Since DS was born, I am finding it really difficult to co-ordinate their routines. DS is usually awake from about 5pm til midnight & wanting to feed pretty much that whole time. DD has been waking early in the mornings, often at the same time as DS. DD has regressed quite a lot with her sleep issues since DS came home & will not go to sleep on her own - she needs to be held until she's asleep, which can on some nights take up to an hour or more.
None of these things poses a huge problem while DH is home. He usually baths DD & puts her to bed while I'm feeding DS & trying to get him to sleep, but I'm very worried about how I'll cope when he goes away! His next trip will probably be in about a fortnight or so - not long!
How have others coped with 2 very demanding children when your partner has been working away?
Up to when my DS 2 was born my partner would be away for up to 6 weeks at a time and maybe home for one.
Luckily know hes not doin that. Though he is workin till after dark most the times. When Ive already delt with the busy time like dinner and feedin and baths. Its so hard u just gotta learn to let one cry usuall DS 2 cause DS 1 I can just put him in the high chair or something but DS 2 eveything takes ages.
My hubby is away for work this weekened.
I have kept DS 1 busy a tired him out so he to tired to fight bed time.
I had ready made meal in the fridge. Well my DH made them.
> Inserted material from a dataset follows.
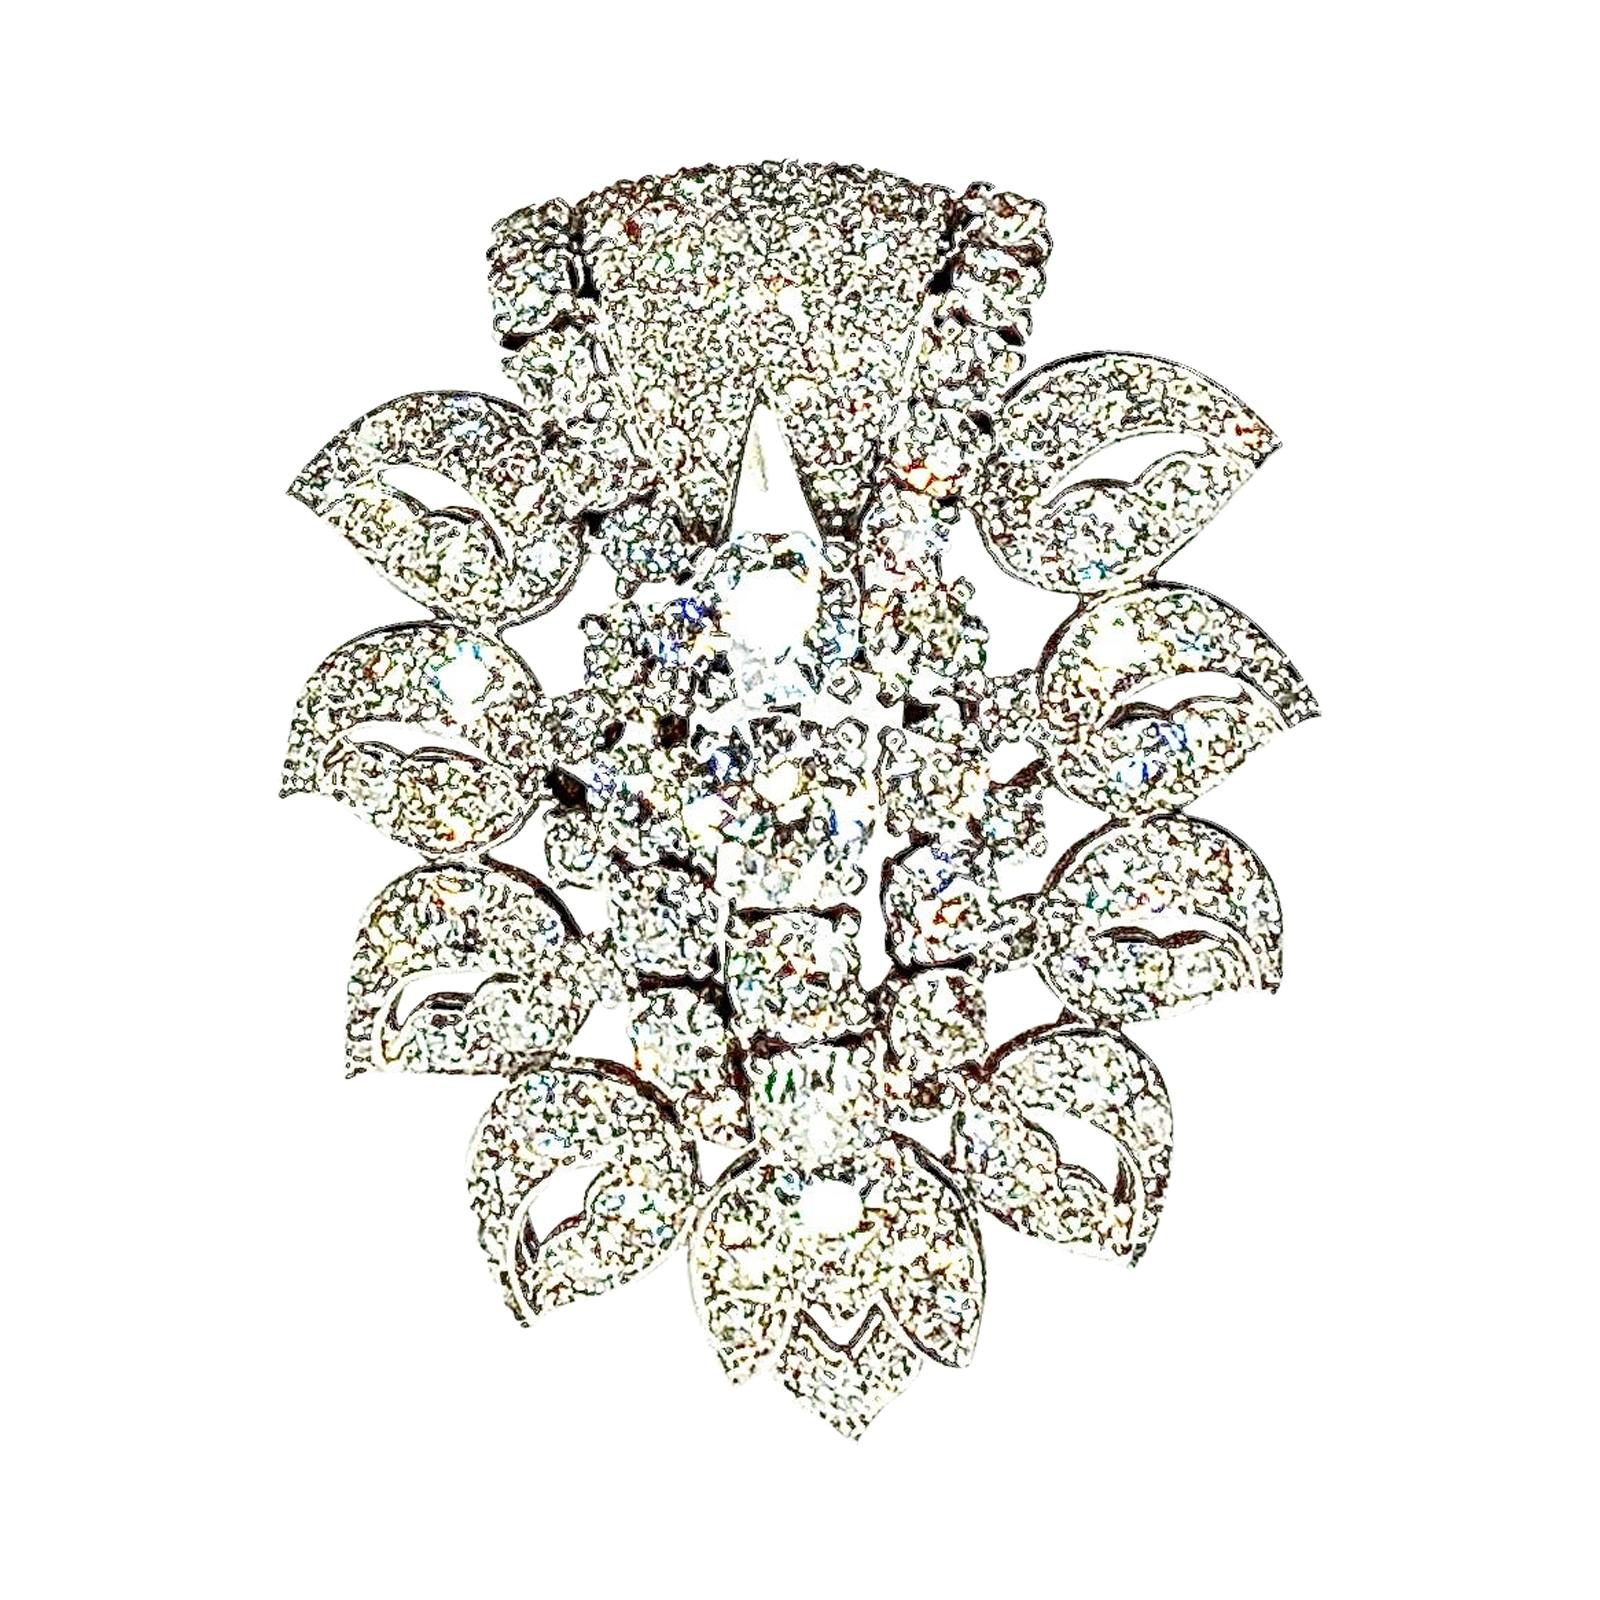 Gemolithos a Cartier Signed Diamond Brooch, circa 1938

when Im feedin DS 2 I let DS 1 lay with his head on my leg with his bottle. If he would go to sleep out of his cot I think he would at that stage.
Hope that helps:thumbsup:
i will keep an eye on this thread for coping strategies.
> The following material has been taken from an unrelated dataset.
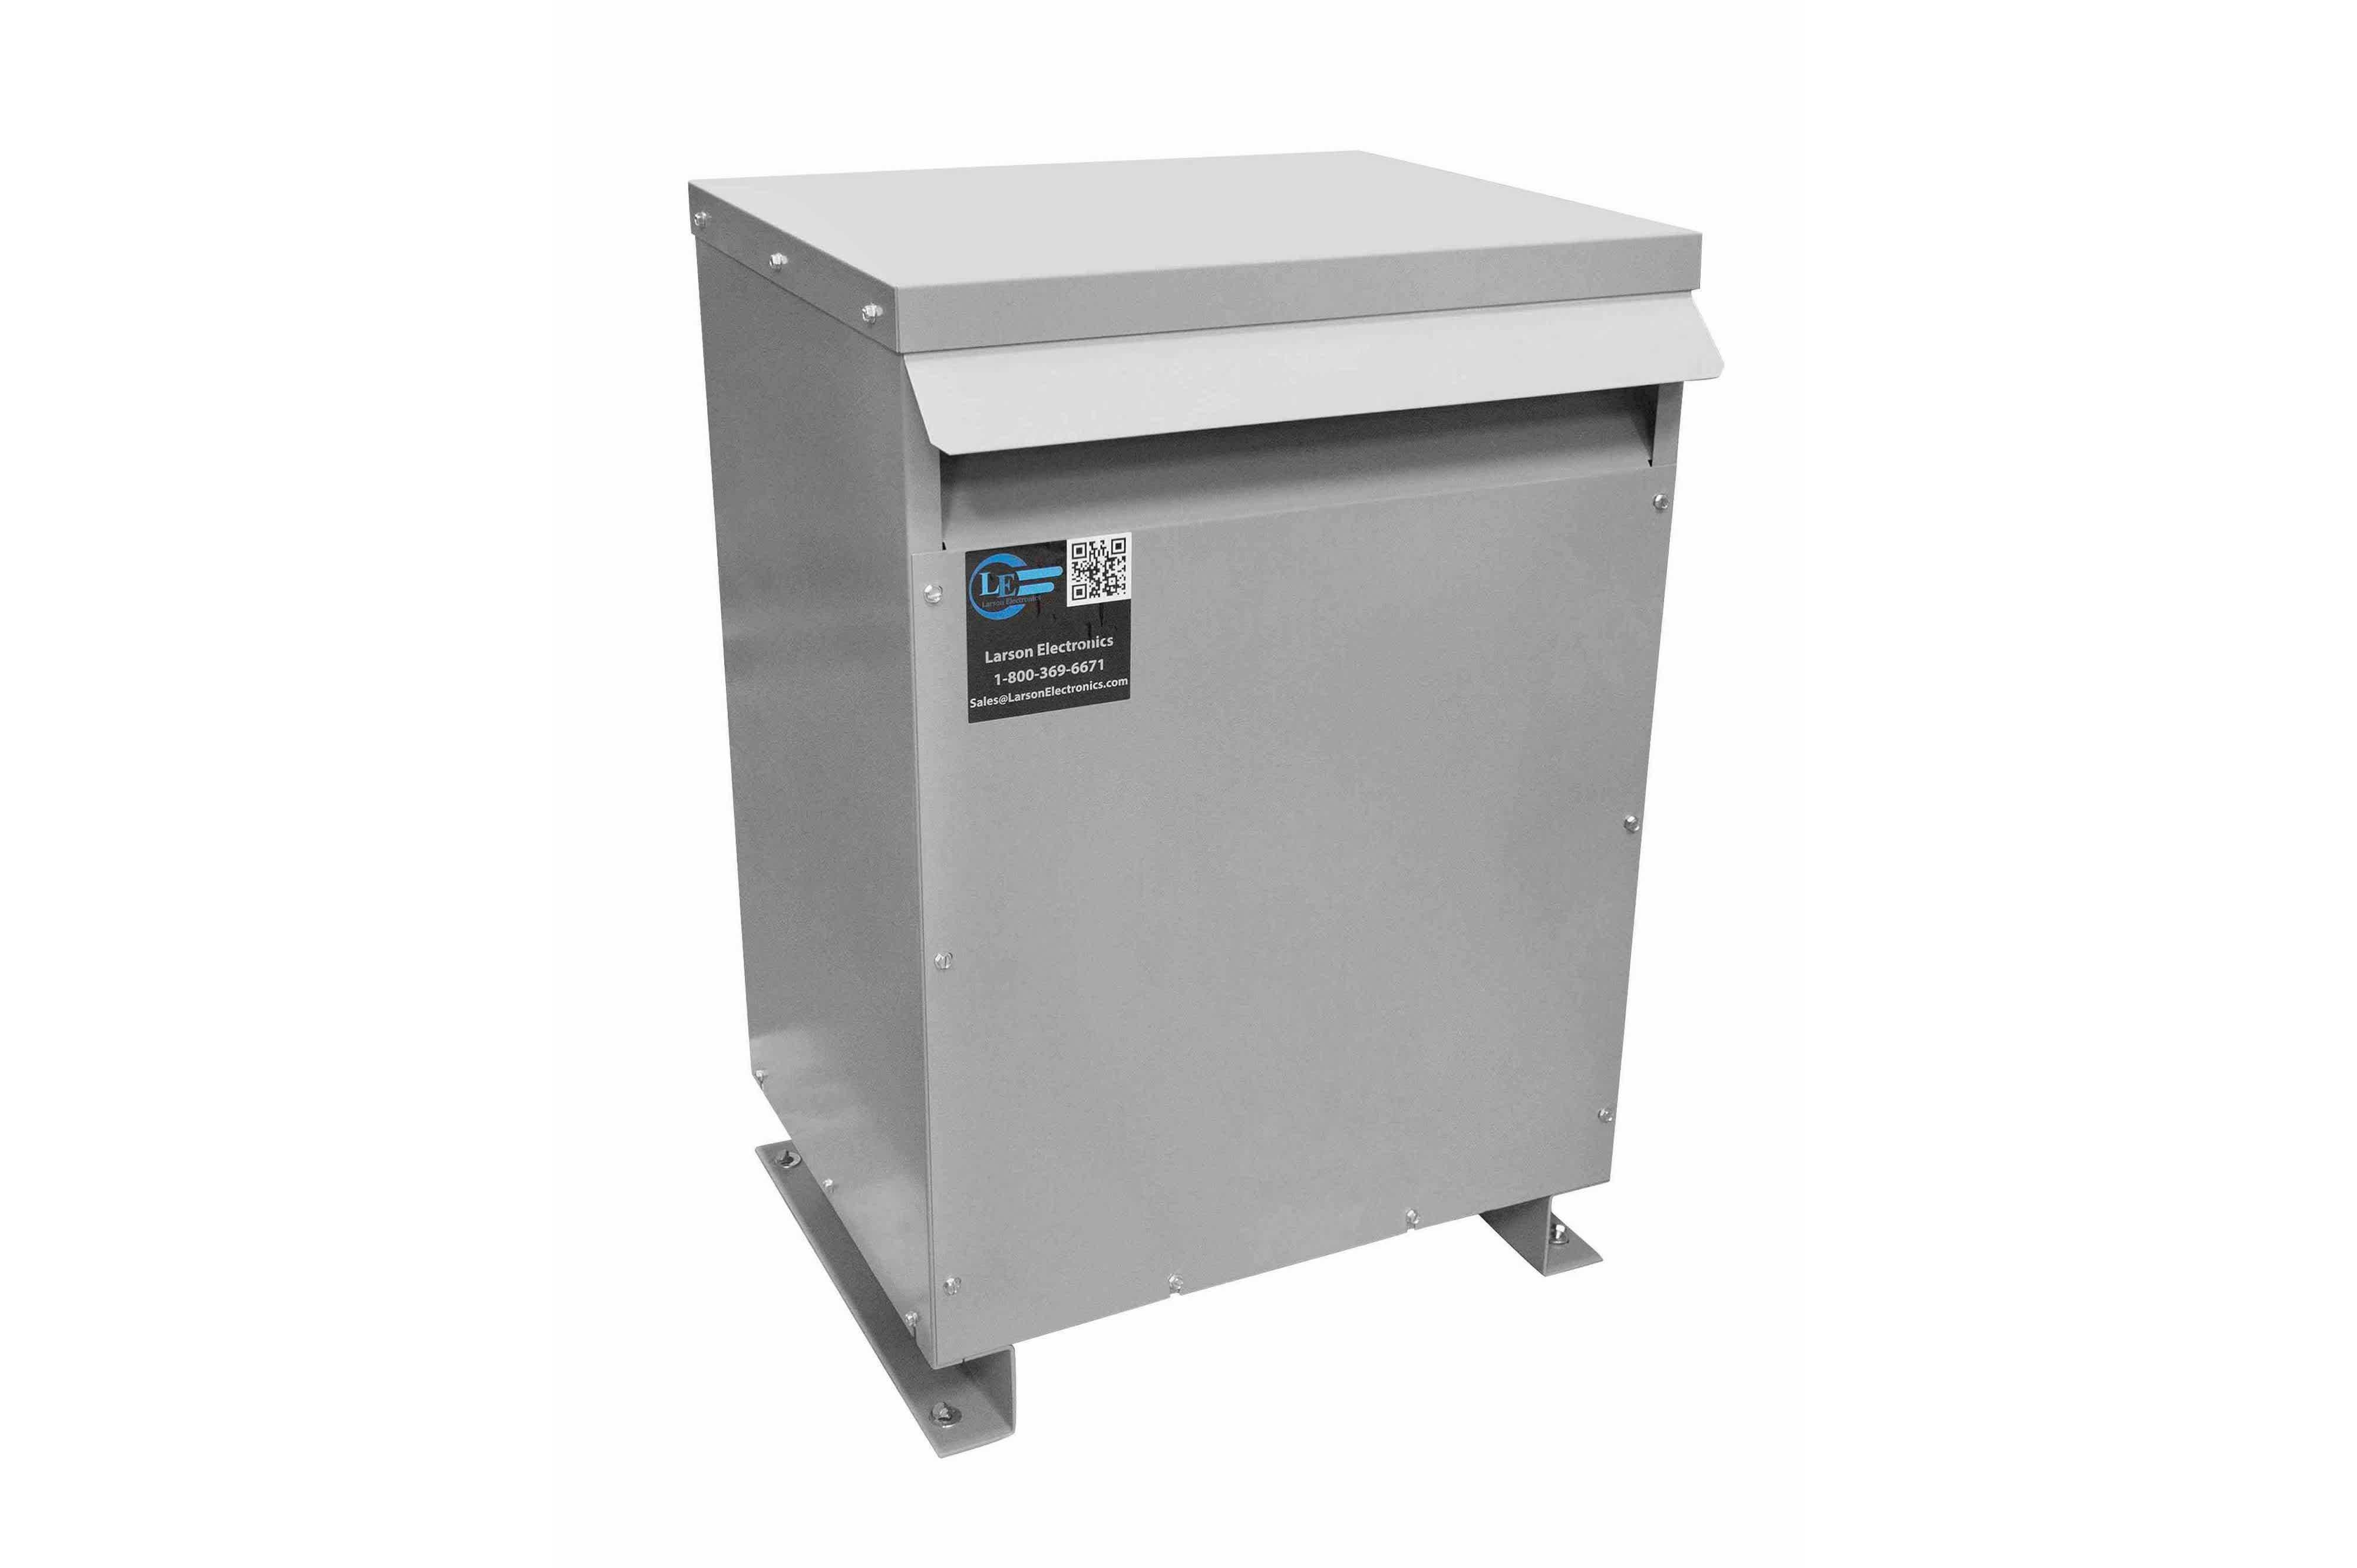 500 kVA 3PH Isolation Transformer, 460V Wye Primary, 240V/120 Delta Secondary, N3R, Ventilated, 60 Hz

DP works away for about 7-10 days at a time and usually only coming home for 2-3 days in between.
i am having trouble coping with DS anyways and the loneliness is hard also. and i am also pregnant and wondering how i am going to cope alone with a new baby.....
I went through the same thing when I was pregnant with ds 2 As hard as it is u learn to cope.:wave:
You learn to let one cry/scream while dealing with the other.
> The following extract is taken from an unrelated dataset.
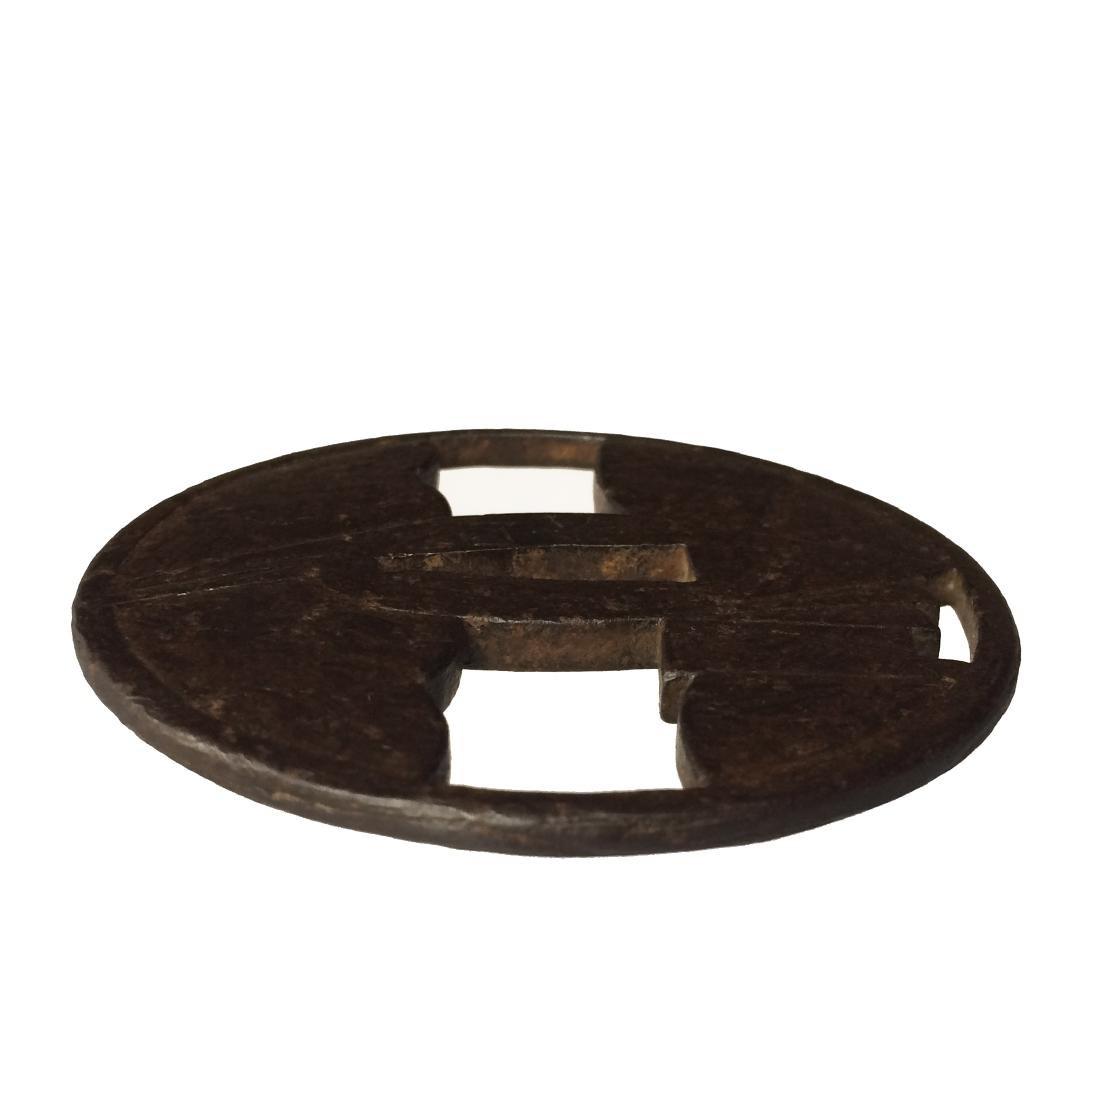 Iron tsuba with wood grain surface (mokume)byKuninaga - 2

You also have ready made meals in the freezer and or teach the eldest to like eggs. DD1 has eggs for dinner when I'm having a bad day/time. Some weeks its eggs three/four days running:laughing: .
And a naughty mat. Sometimes it's the only way I can deal with DD1's naughty behaviour.
EskimoMumma
08-04-2007, 13:18
You will be able to tune out alot better as well. DP doesn't work away but he works graveyard. So basically he gets to spend 2hours IF THAT with me and the kids and general errands before sleep then work again. So i'm pretty much on my own all the time.
It's extremely hard at first. It can be tough to deal with it alot of the time but as lonig as you relax and concentrate on the kids routines first before cleaning you should be ok. Its also alot easier to make sure the older one is settled. If the older one is constantly wanting your attention because they are hungry or thirsty or bored. Quickly get them a drink, a snack and chuck onthe dvd, this way you are able to deal with the baby without being interupted.. I also suggest with bathtimes, keep it the same, but get the little one bathed first and then the big one. ALl in one tub too makes it alot easier! And also before starting the bedtime routine with the little one, make sure the older one is in bed first. And then a few months later introduce the little one to the older ones routine and yous hould have a winner. But dont expect them to adjust to it so easily. Make way for mistakes and tantrums...
Maybe some earplugs?:detective:
I hope this helps:hugs:
MrsMiggins
08-04-2007, 14:14
Thanks for the tips. I guess things would be much easier if DD hadn't regressed so much with her sleeping. Most nights we're lucky to have her in bed by 10pm!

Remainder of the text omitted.